Lösung: Nach dem Tod des Vasallen erhält der Nachfolger das Benefizium als Prekarie von der Kirche, im Sinne von 'precariae verbo regis' (Vergabungen auf königlichen Befehl); im Gegensatz zur Vergabe anderer Kirchengüter.
- Schritt
Die Vasallenzahl zwischen Rhein und Loire steigt stark an; besonders die der Vasallen des Hausmeiers und die der Königsvasallen, die oft mit Benefizien auf Lebenszeit ausgestattet waren. Dieser Brauch verbreitet sich: In manchen Regionen wird ab Mitte des 8. Jh's eine 'divisio' für die Kirche(n) zur Pflicht. Zur Kirchenentschädigung wurde vom Hausmeier Pippin III. (741-751) der Kirchenzehnten eingeführt.
- Schritt
Es kommt zur direkten Leihe von Gütern des Hausmeiers und des Königs an Vasallen.
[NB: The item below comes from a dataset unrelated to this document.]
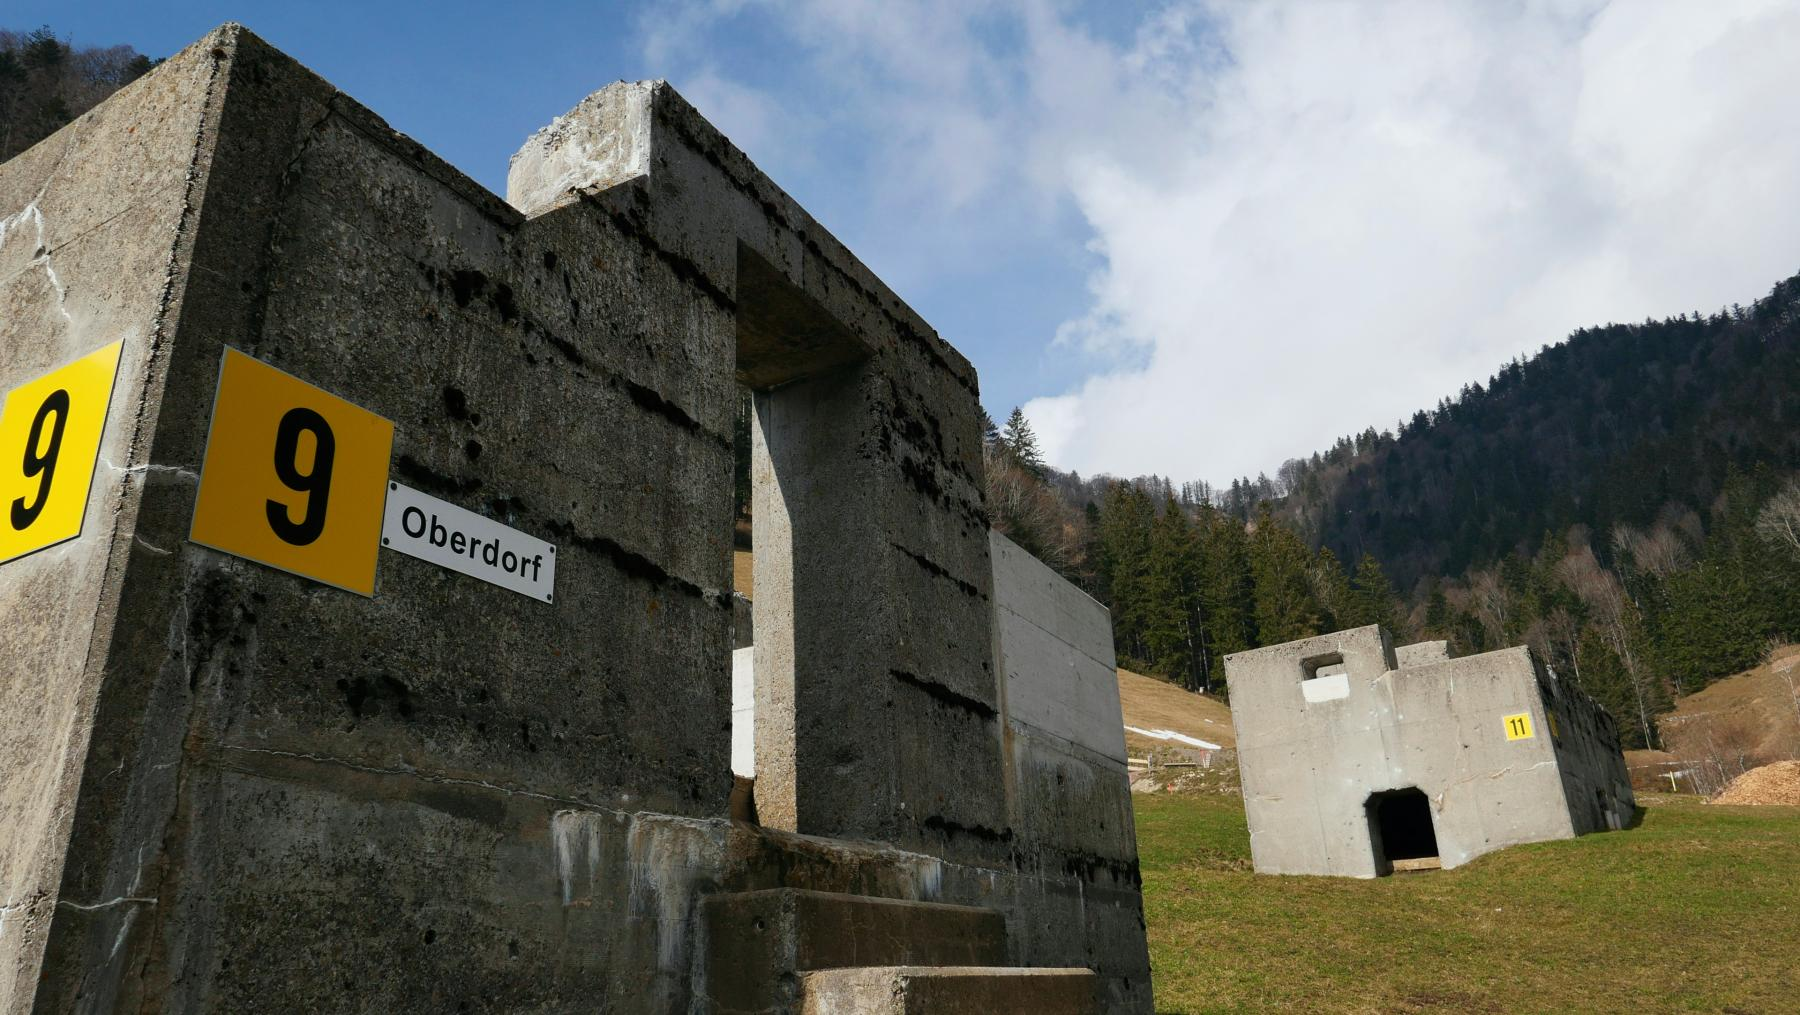 05 Cholloch «Oberdorf»

Die Verpflichtung, das Gut gleichzeitig in Prekarie zu haben, fällt weg.
Rangerhöhung der Vasallen
Noch im 7. Jh. war der sich kommendierende Vasall noch ein freier Mann von niederem sozialem Rang.
Mit den Karolingern, die große Benefizien unter ihren Vasallen verteilten, wurden nun auch Angehörige oberer sozialer Ränge (Aristokratie) zu Vasallen. So z.B. Grafen (Vertreter der öffentlichen Gewalt). Ein großes Benefizium ermöglicht dem Vasallen, seinerseits Vasallen zu unterhalten. Die Königsvasallen hatten gute Aussichten auf ein Benefizium und genossen hohes Ansehen. Sie leisten ihren Eid direkt in die Hände des missi dominici; alle anderen in die Hände des Grafen. Hierdurch schafft der König überall im Reich 'Kolonien'. Diese Politik wurde vor allem in neu unterworfenen Gebieten (z.B. Aquitanien, Bayern, Italien) betrieben.
Eine Hebung des sozialen Niveaus der Vasallen entwickelt sich, besonders für die Königsvasallen. Die Antrustionen verschwinden zu dieser Zeit, eventuell ist die Niveausteigerung der Grund dafür.
Verbreitung der Vasallität
Seit Karl dem Großen läßt sich eine Verbreitung der Vasallität beobachten. Folgende Gründe liegen vor:
- Der König braucht immer mehr Vasallen. Besonders die Vertreter der Staatsgewalt (Grafen, Markgrafen, Herzöge) sollen den Treueid als Vasall leisten.
- Der König wollte eine doppelte Treuepflicht: die Treue als Vasall und die Treue als z.B. Graf.
- Große Herren brauchten/wollten viele Vasallen, da dies ihre militärische Schlagkraft stärkte. Zudem konnten sie sich dann eine Parteinahme für die eine oder andere Seite teuer bezahlen lassen. In den oberen Schichten waren ebenfalls viele vasallisch gebunden. Die Leistung der Heeresfolge konnte z.B. jederzeit eingefordert werden. Es gab nur noch wenige, die (so) reich an Alloden waren, daß sie sich nicht kommendieren mußten.
Lösung des Vasallenverhältnisses
Die rechtliche Einführung geschah durch Karl den Großen.
Eine einseitige Aufkündigung ist nicht möglich, außer bei:
- Angriff auf Leib und Leben
- Einziehung eines Eigenguts (Allod) des Vasallen
- Vernachlässigung der Schutzpflicht des Herrn
- Schändung/Verführung der Frau oder Tochter des Vasallen
- Wurde der Dienst nicht (ausreichend) geleistet, war der Rechtsgrund nicht mehr gegeben und die Verleihung wurde rückgängig gemacht.
Die Bindung erlischt nur durch den Tod: Mannfall - Tod des Vasallen; Herrfall - Tod des Herrn.
Mit Erlöschen der persönlichen Bindung wird die (dingliche) Verleihung des Benefiziums ungültig.
FAZIT
Anfang des 8. Jh's war das Benefizium noch die Ausnahme.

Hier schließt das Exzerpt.